Minerva Anestesiologica 2021 July;87(7):757-65

DOI: 10.23736/S0375-9393.21.14759-5

Copyright © 2021 EDIZIONI MINERVA MEDICA

language: English

Comparison of arterial blood pressure and cardiac index-based hemodynamic management on cognitive function in elderly patients undergoing spinal surgery: a randomized clinical trial

Esra SAKA 1, Taner ABDULLAH 1 , Mert CANBAZ 1, Elif AYGUN 1, Ilyas DOLAS 2, Pulat A. SABANCI 2, Ibrahim O. AKINCI 1, Achmet ALI 1

1 Department of Anesthesiology and Reanimation, Faculty of Medicine, University of Istanbul, Istanbul, Turkey; 2 Department of Neurosurgery, Faculty of Medicine, University of Istanbul, Istanbul, Turkey



BACKGROUND: Postoperative delayed neurocognitive recovery (DNR) is frequent in elderly patients. Prevention of DNR is essential to achieve a better postoperative outcome.
METHODS: The aim of the present study was to compare mean arterial pressure (MAP) and Cardiac Index (CI) based hemodynamic management on early cognitive function in elderly patients undergoing spinal surgery. Sixty patients aged ≥60 years were enrolled. Patients were randomized to one of two groups. In Group MAP, hemodynamic management of patients was performed according to the MAP value. In Group CI, hemodynamic management of patients was performed according to the CI value.

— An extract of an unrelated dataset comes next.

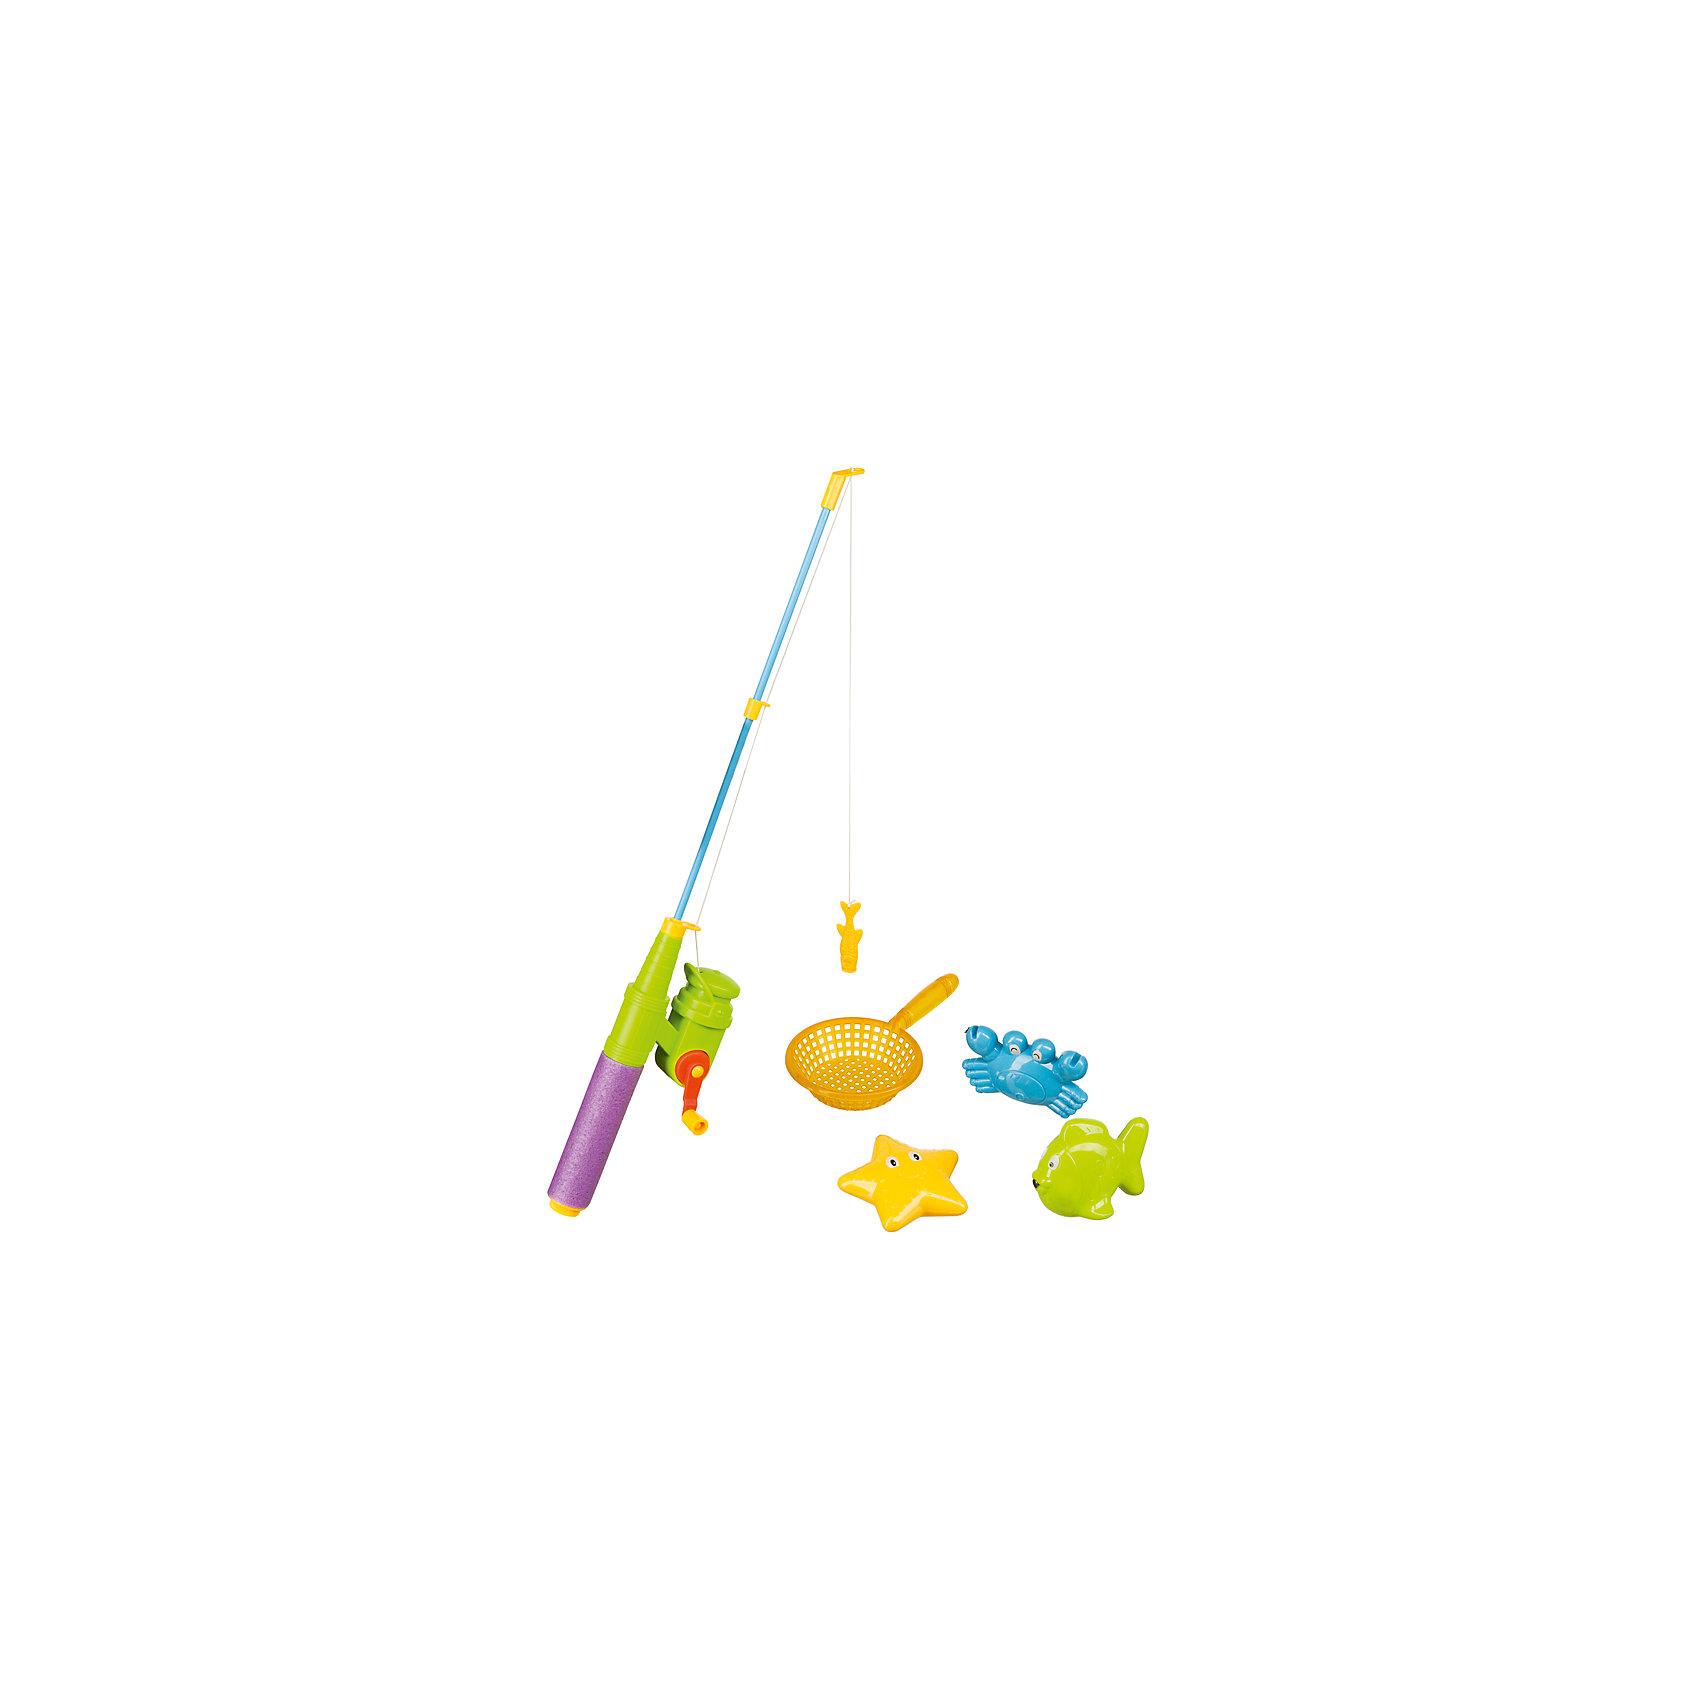 Набор игрушек для ванной LITTLE FISHMAN, Happy BabyИгрушки для ванной<br><br><br>Ширина мм: 9999<br>Глубина мм: 9999<br>Высота мм: 9999<br>Вес г: 9999<br>Возраст от месяцев: 12<br>Возраст до месяцев: 36<br>Пол: Унисекс<br>Возраст: Детский<br>SKU: 5345704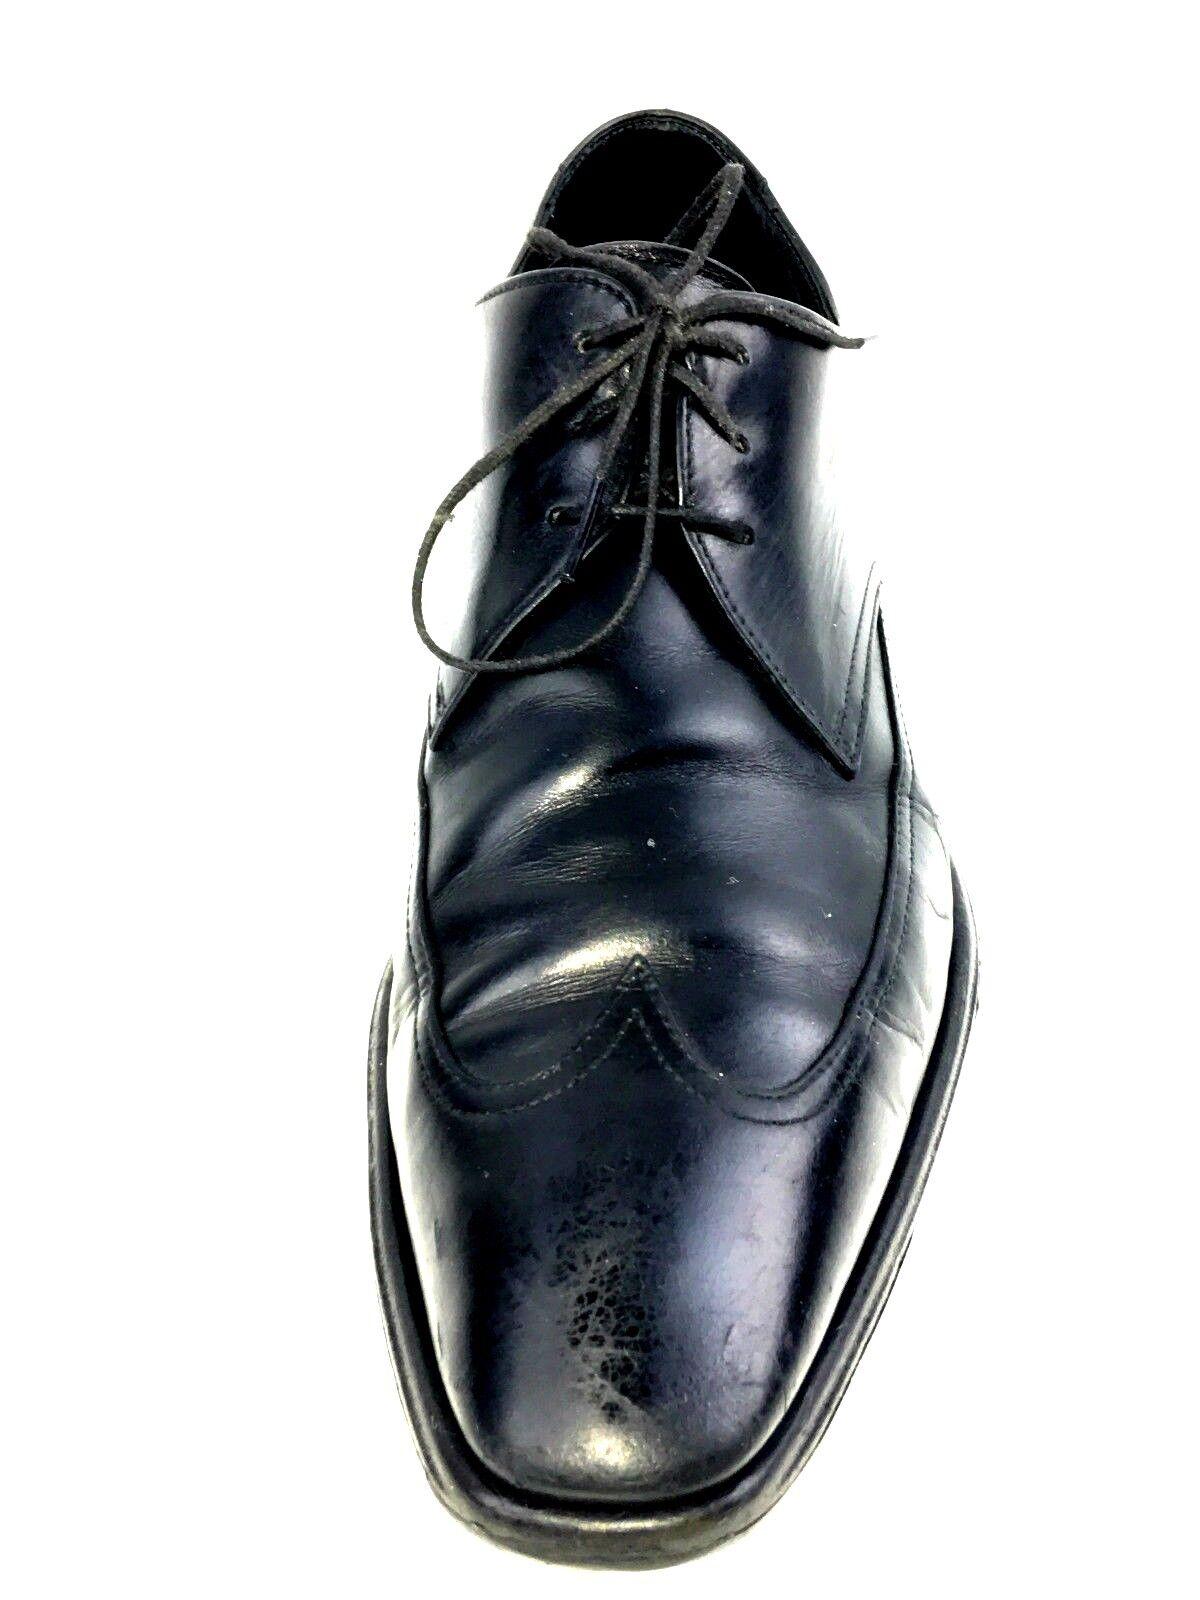 qualità garantita Hugo Hugo Hugo Boss Wingtip Uomo Fashion Leather Oxford Dress scarpe Brogue Blk  Dimensione 8 US  negozio fa acquisti e vendite

In all patients, standard anesthesia method was used and regional cerebral oxygen saturation (rScO2) was measured. Cognitive functions of patients were assessed by Montreal cognitive assessment (MoCA) test before surgery and seven days after surgery. Change in MoCA test (ΔMoCA) was calculated.
RESULTS: Postoperative MoCA score was significantly greater in Group CI (25.2±2.4) than Group MAP (23.9±2.5) (P=0.046). The ΔMoCAs were 1 (IQR, 0-3) and 3 (IQR, 2-3.5) in Group CI and MAP respectively (P<0.001). Lowest and average rScO2 values were significantly greater, and the decreased load of rScO2 below the threshold of 10% (AUCΔ10%) and 20% (AUCΔ20%) below its baseline were significantly lower in Group CI (P<0.05).
CONCLUSIONS: CI-based hemodynamic management provided better postoperative cognitive function and higher intraoperative rScO2 when compared with MAP-based hemodynamic management.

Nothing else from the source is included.